A decisão foi tomada com base na avaliação de que a unidade prisional onde o ex-capitão de direita está detido oferece condições adequadas para monitoramento e tratamento de sua saúde. O local conta com assistência médica 24 horas, unidade avançada do Samu, além de garantir livre acesso à equipe médica do ex-presidente.
O magistrado argumentou que o ambiente prisional atende adequadamente às necessidades médicas dele, respeitando sua saúde e dignidade. O ministro também fez referência ao incidente no qual ele tentou romper sua tornozeleira eletrônica, o que foi interpretado como uma tentativa de fuga.

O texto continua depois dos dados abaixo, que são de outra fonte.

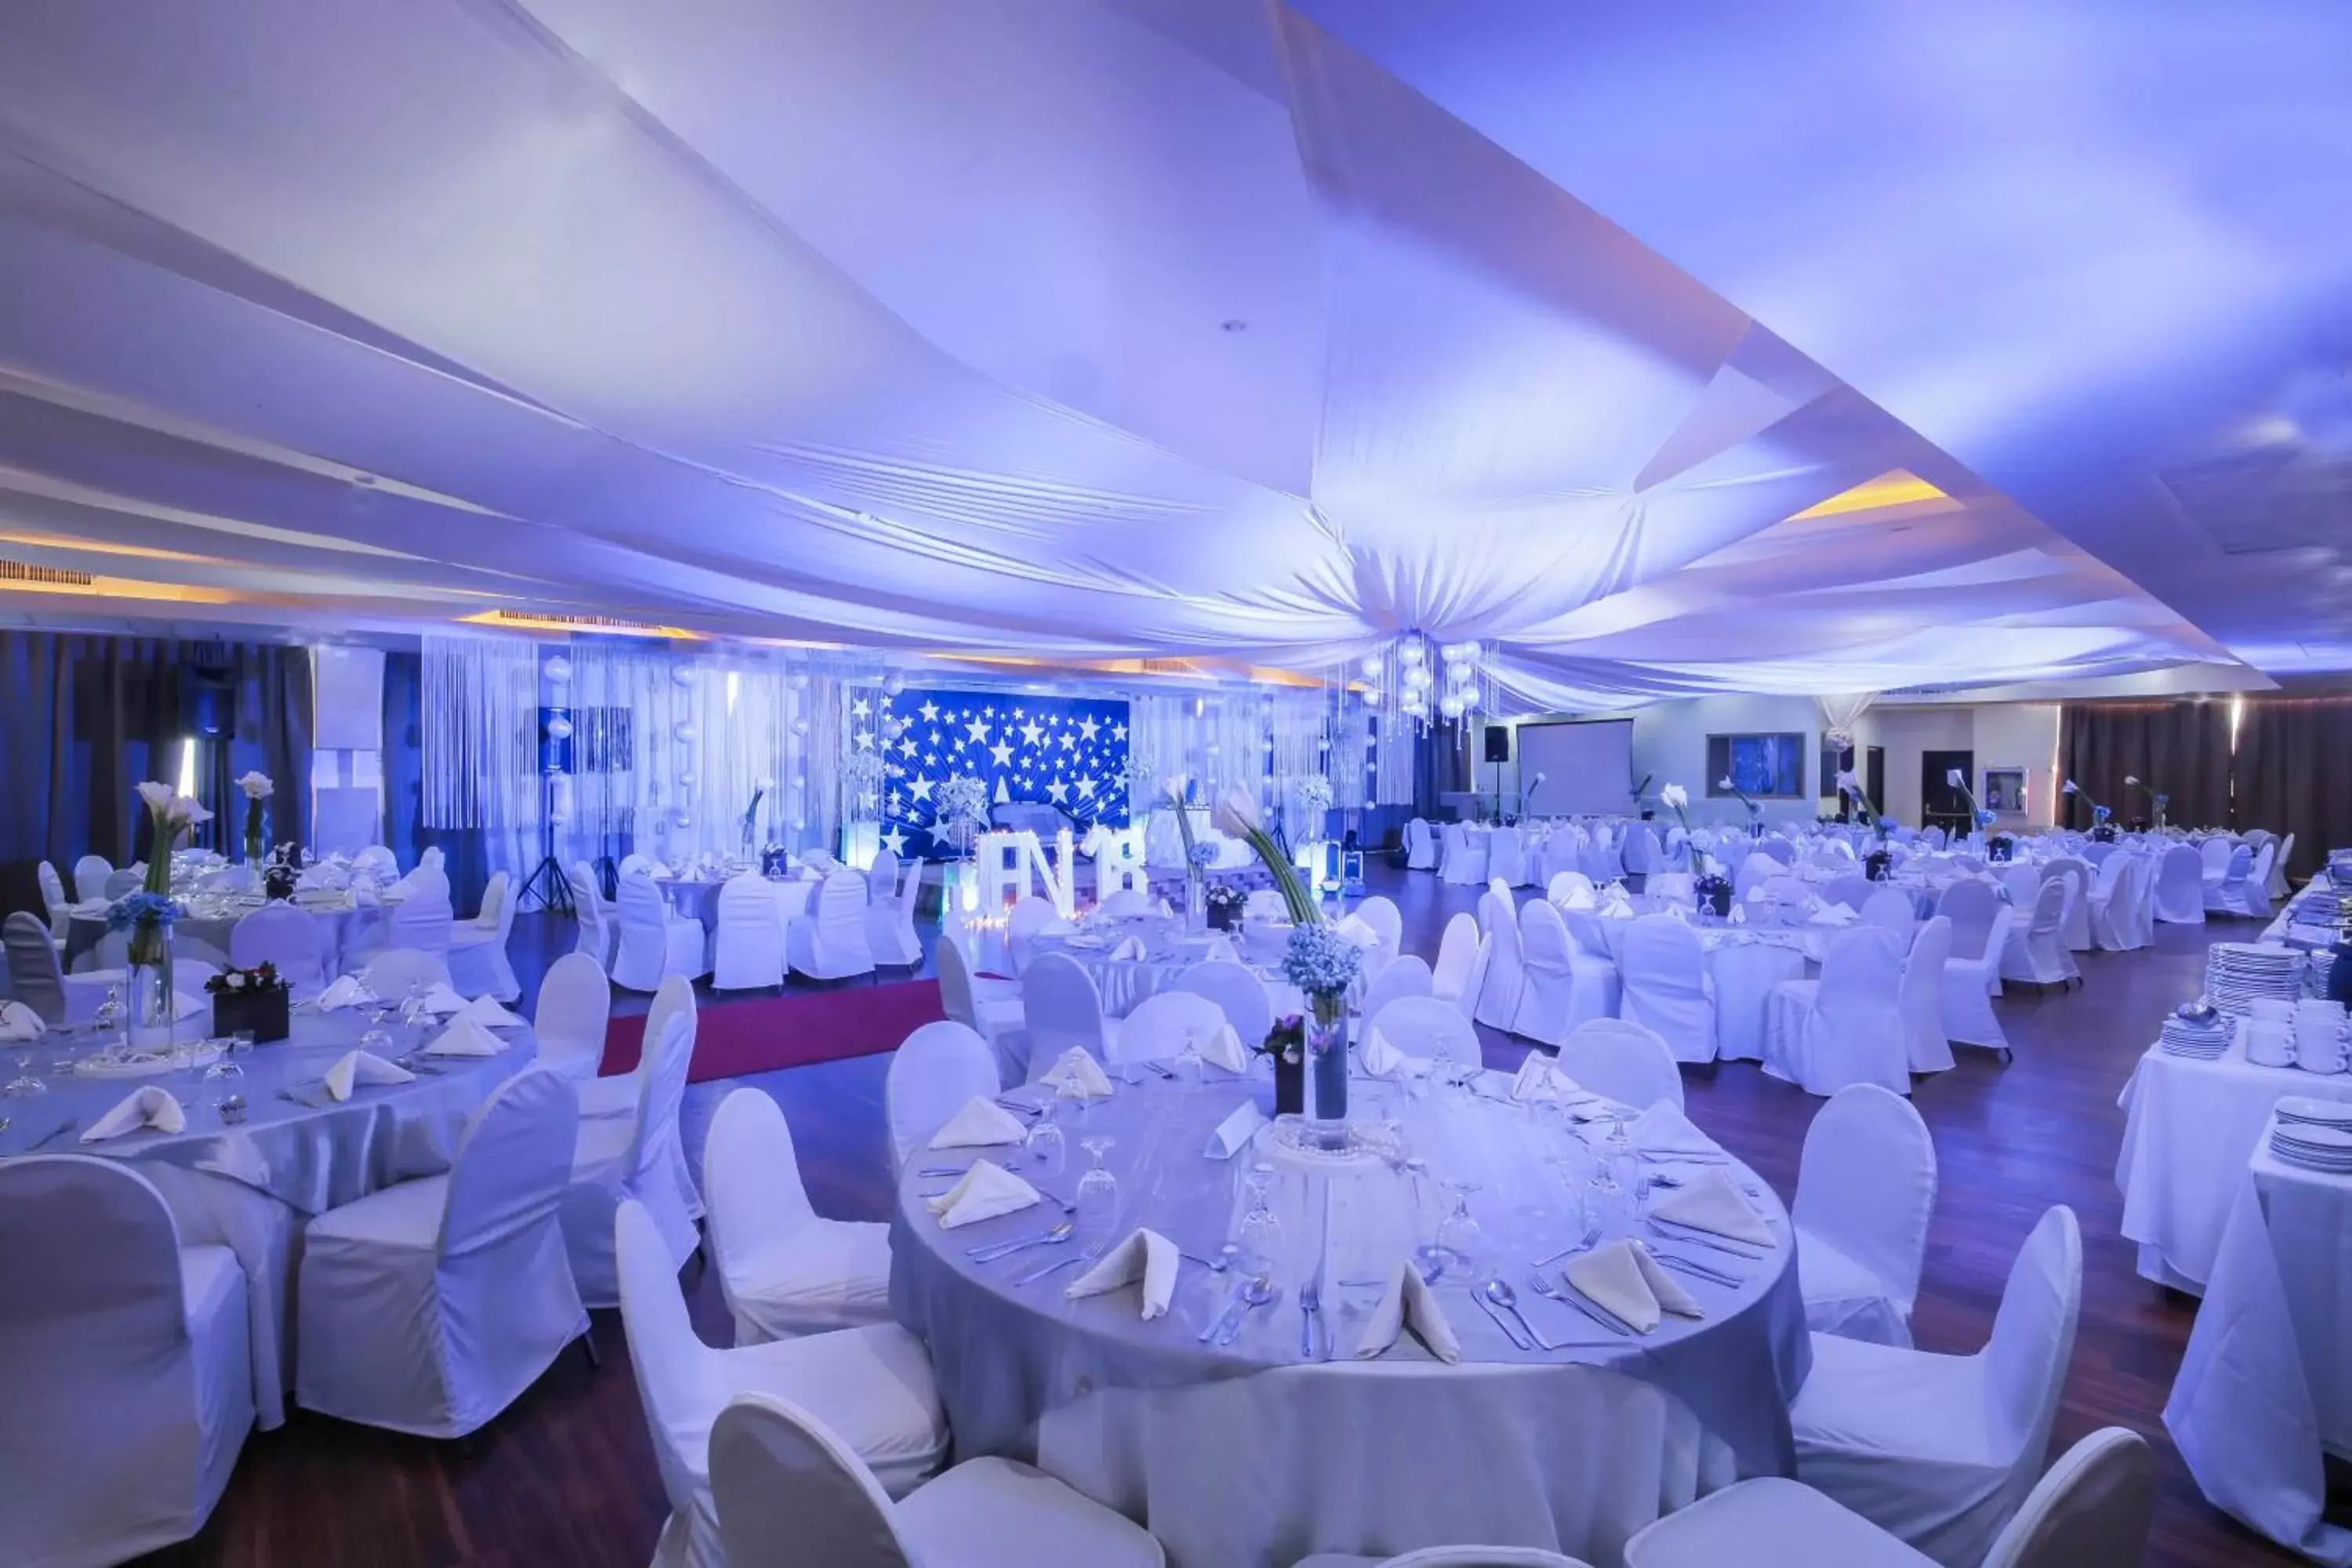 Banquet/Function facilities, Banquet Facilities in The Apo View Hotel

A defesa dele havia solicitado a prisão domiciliar em virtude de suas condições de saúde, alegando que o ex-presidente sofre de “multimorbidade grave” e apresenta risco de complicações fatais. No entanto, o magistrado destacou que, embora Bolsonaro tenha uma série de patologias, elas estão sendo devidamente tratadas e controladas.
De acordo com a decisão, as adaptações no sistema carcerário, como grades de apoio, campainha de emergência e monitoramento em tempo real, garantem a adequação do ambiente para o cumprimento da pena.

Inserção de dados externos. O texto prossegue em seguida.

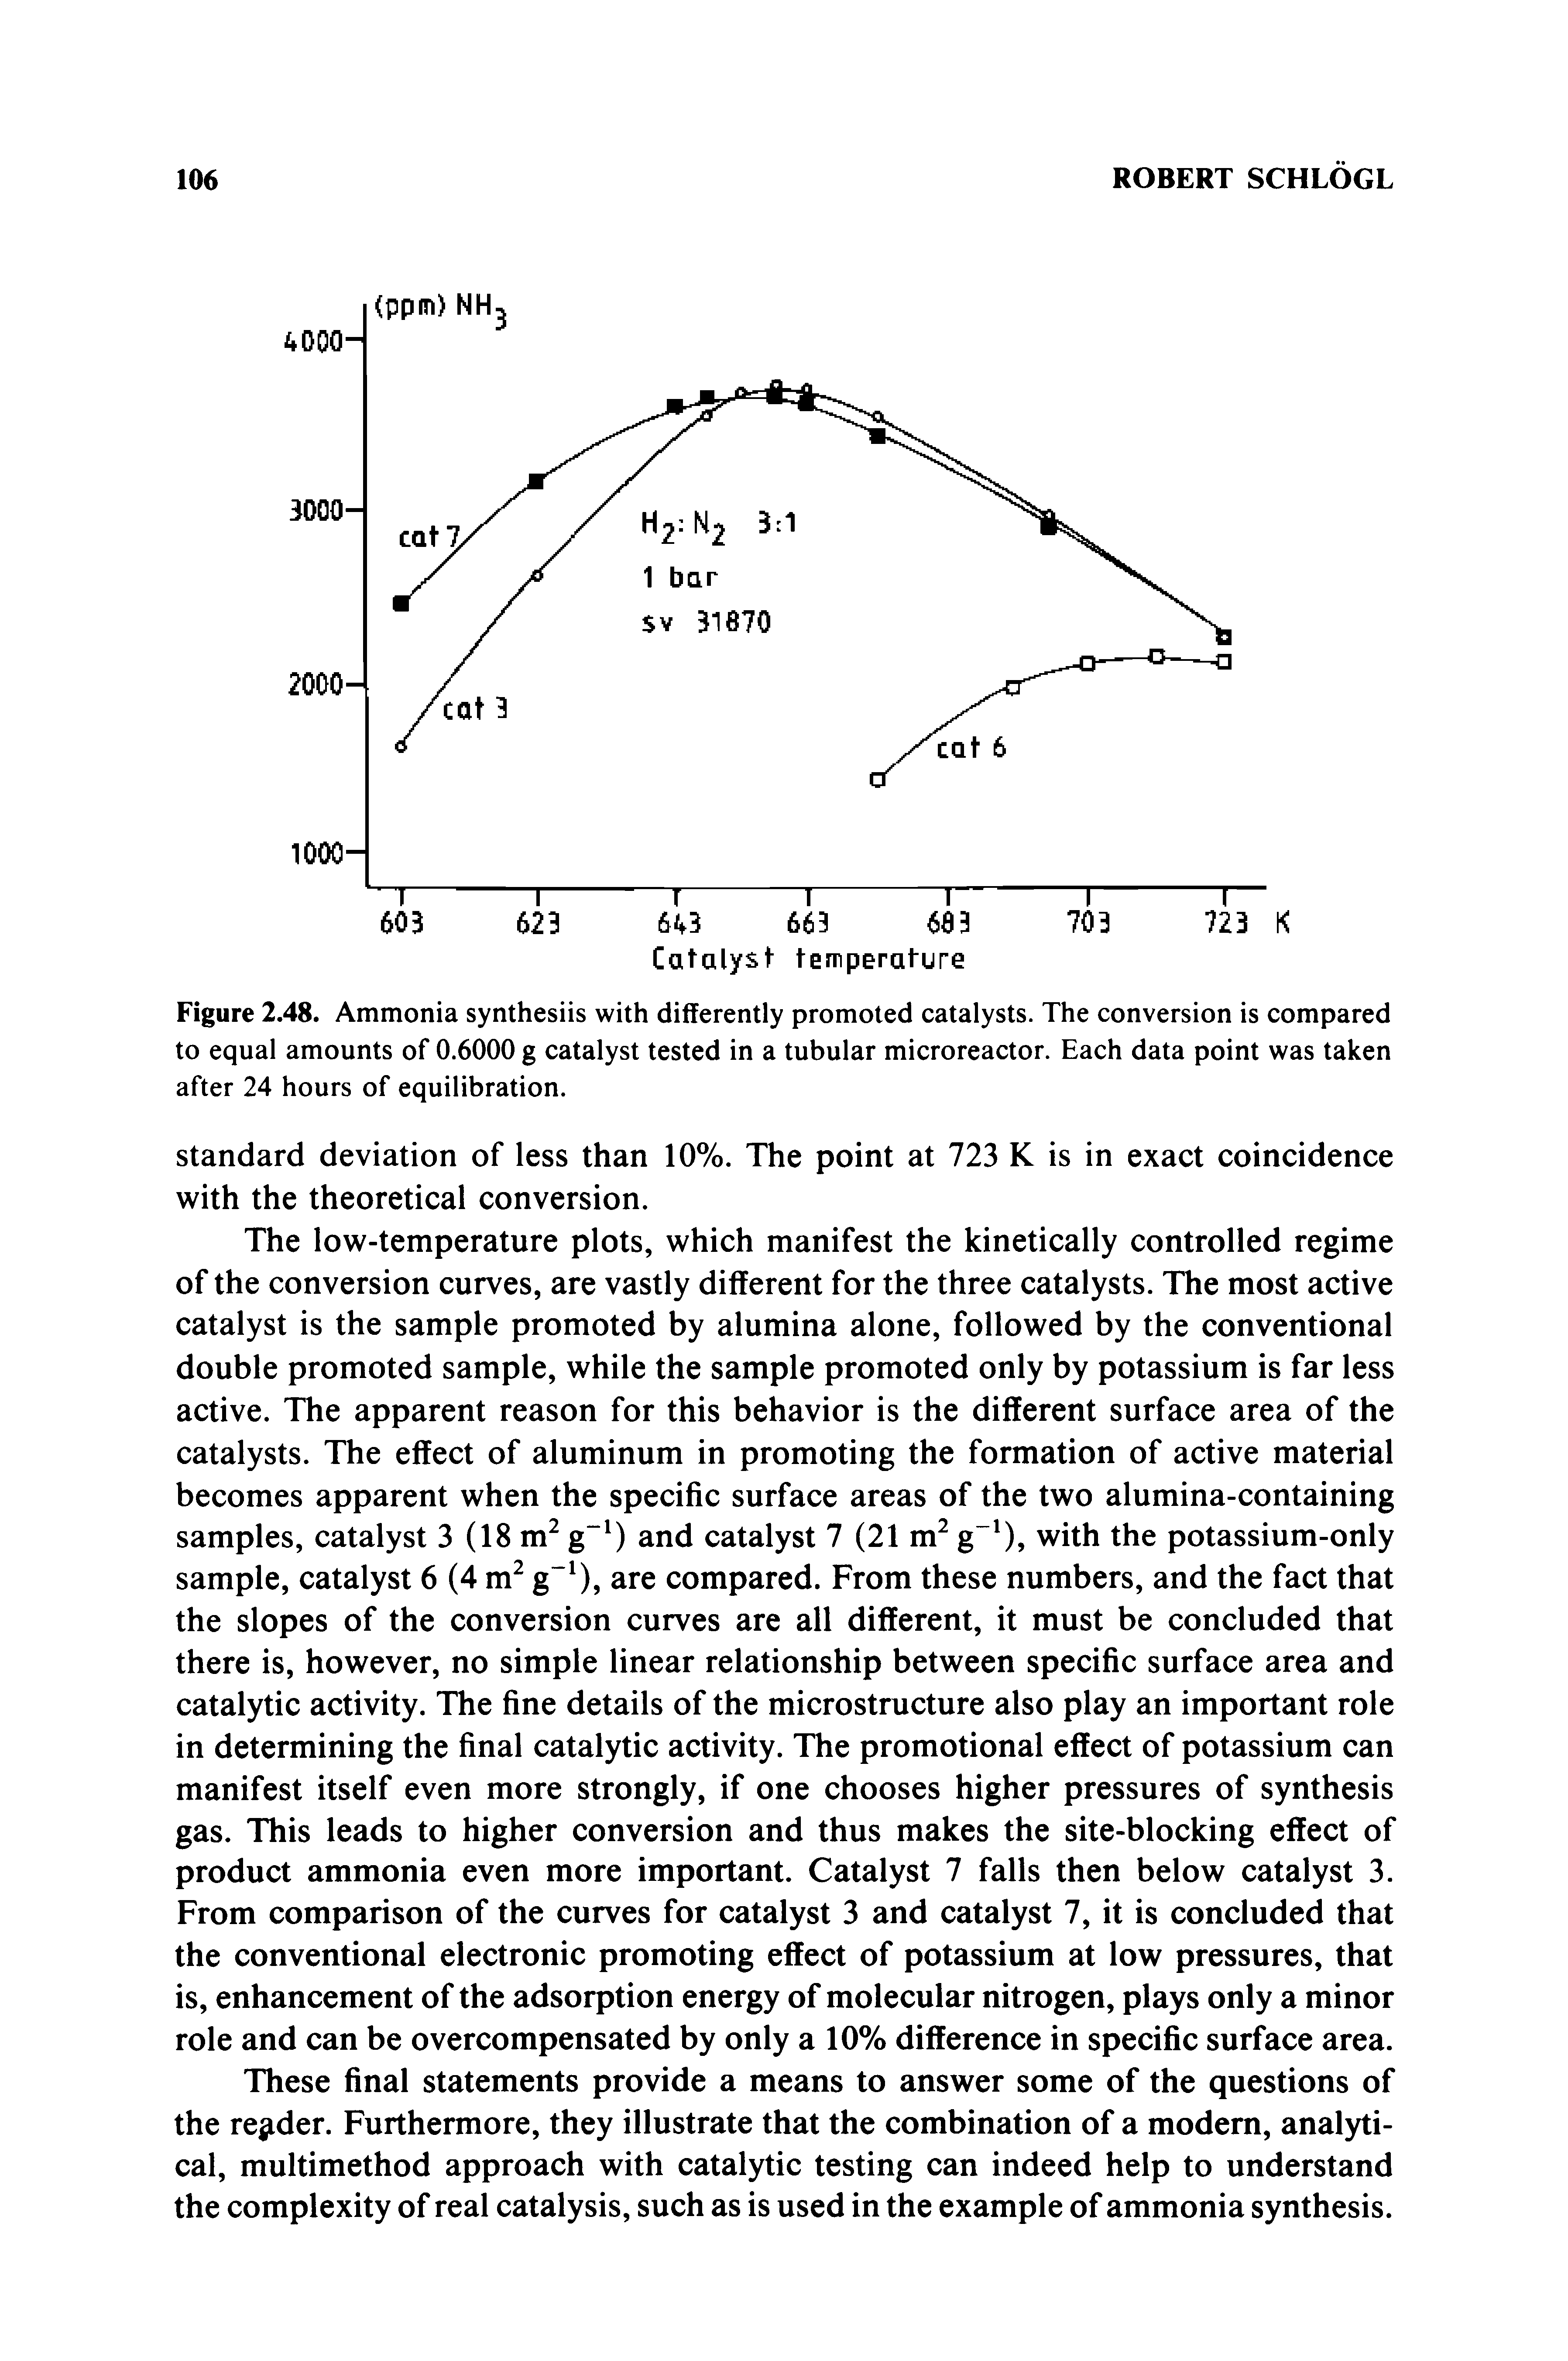 Figure 2.48. Ammonia synthesiis with differently promoted catalysts. The conversion is compared to equal amounts of 0.6000 g catalyst tested in a tubular microreactor. Each data point was taken after 24 hours of equilibration.

Além disso, ele tem acesso a serviços médicos contínuos, sessões de fisioterapia, atividades físicas, e apoio religioso, além de poder receber visitas de familiares, amigos e aliados políticos. Moraes ressaltou que esses cuidados são suficientes para preservar a dignidade do apenado, não havendo a necessidade de transferência para prisão domiciliar.

O procurador-geral da República, Paulo Gonet, também se manifestou contra a concessão da domiciliar, alinhando-se à posição de que a jurisprudência do STF só permite esse tipo de prisão em casos onde o tratamento médico necessário não possa ser oferecido na unidade de custódia.
Ele afirmou que, embora o laudo médico tenha identificado diversas condições de saúde em Bolsonaro, essas patologias estão sendo controladas por meio de tratamentos clínicos e medicamentosos, não justificando, portanto, a mudança para o regime domiciliar.
O pedido de prisão domiciliar foi formalizado pela defesa do ex-presidente em 11 de fevereiro, com os advogados argumentando que a situação de saúde do ex-presidente era grave e apresentava riscos de complicações fatais. Eles reforçaram que a permanência dele na Papudinha poderia ser prejudicial devido às limitações estruturais do local e à dependência de arranjos improvisados para atender às suas necessidades médicas.
A defesa do ex-presidente esperava que Moraes pudesse ser convencido a conceder a prisão domiciliar, uma vez que, conforme apurou a Folha, algumas correntes dentro do STF defendiam essa possibilidade.
A justificativa era que, caso ocorresse algum problema de saúde grave enquanto ele estivesse na prisão, a responsabilidade poderia recair sobre o Supremo Tribunal Federal. Contudo, a perícia médica não apontou para a necessidade de prisão domiciliar, e o parecer da Procuradoria Geral da República seguiu essa linha, frustrando as expectativas da defesa.
Bolsonaro esteve em prisão domiciliar de agosto a novembro de 2024, quando foi detido novamente após danificar a tornozeleira eletrônica. Em janeiro de 2025, ele foi transferido da superintendência da Polícia Federal em Brasília para o 19º Batalhão da Polícia Militar em São Paulo, onde permanece até o momento.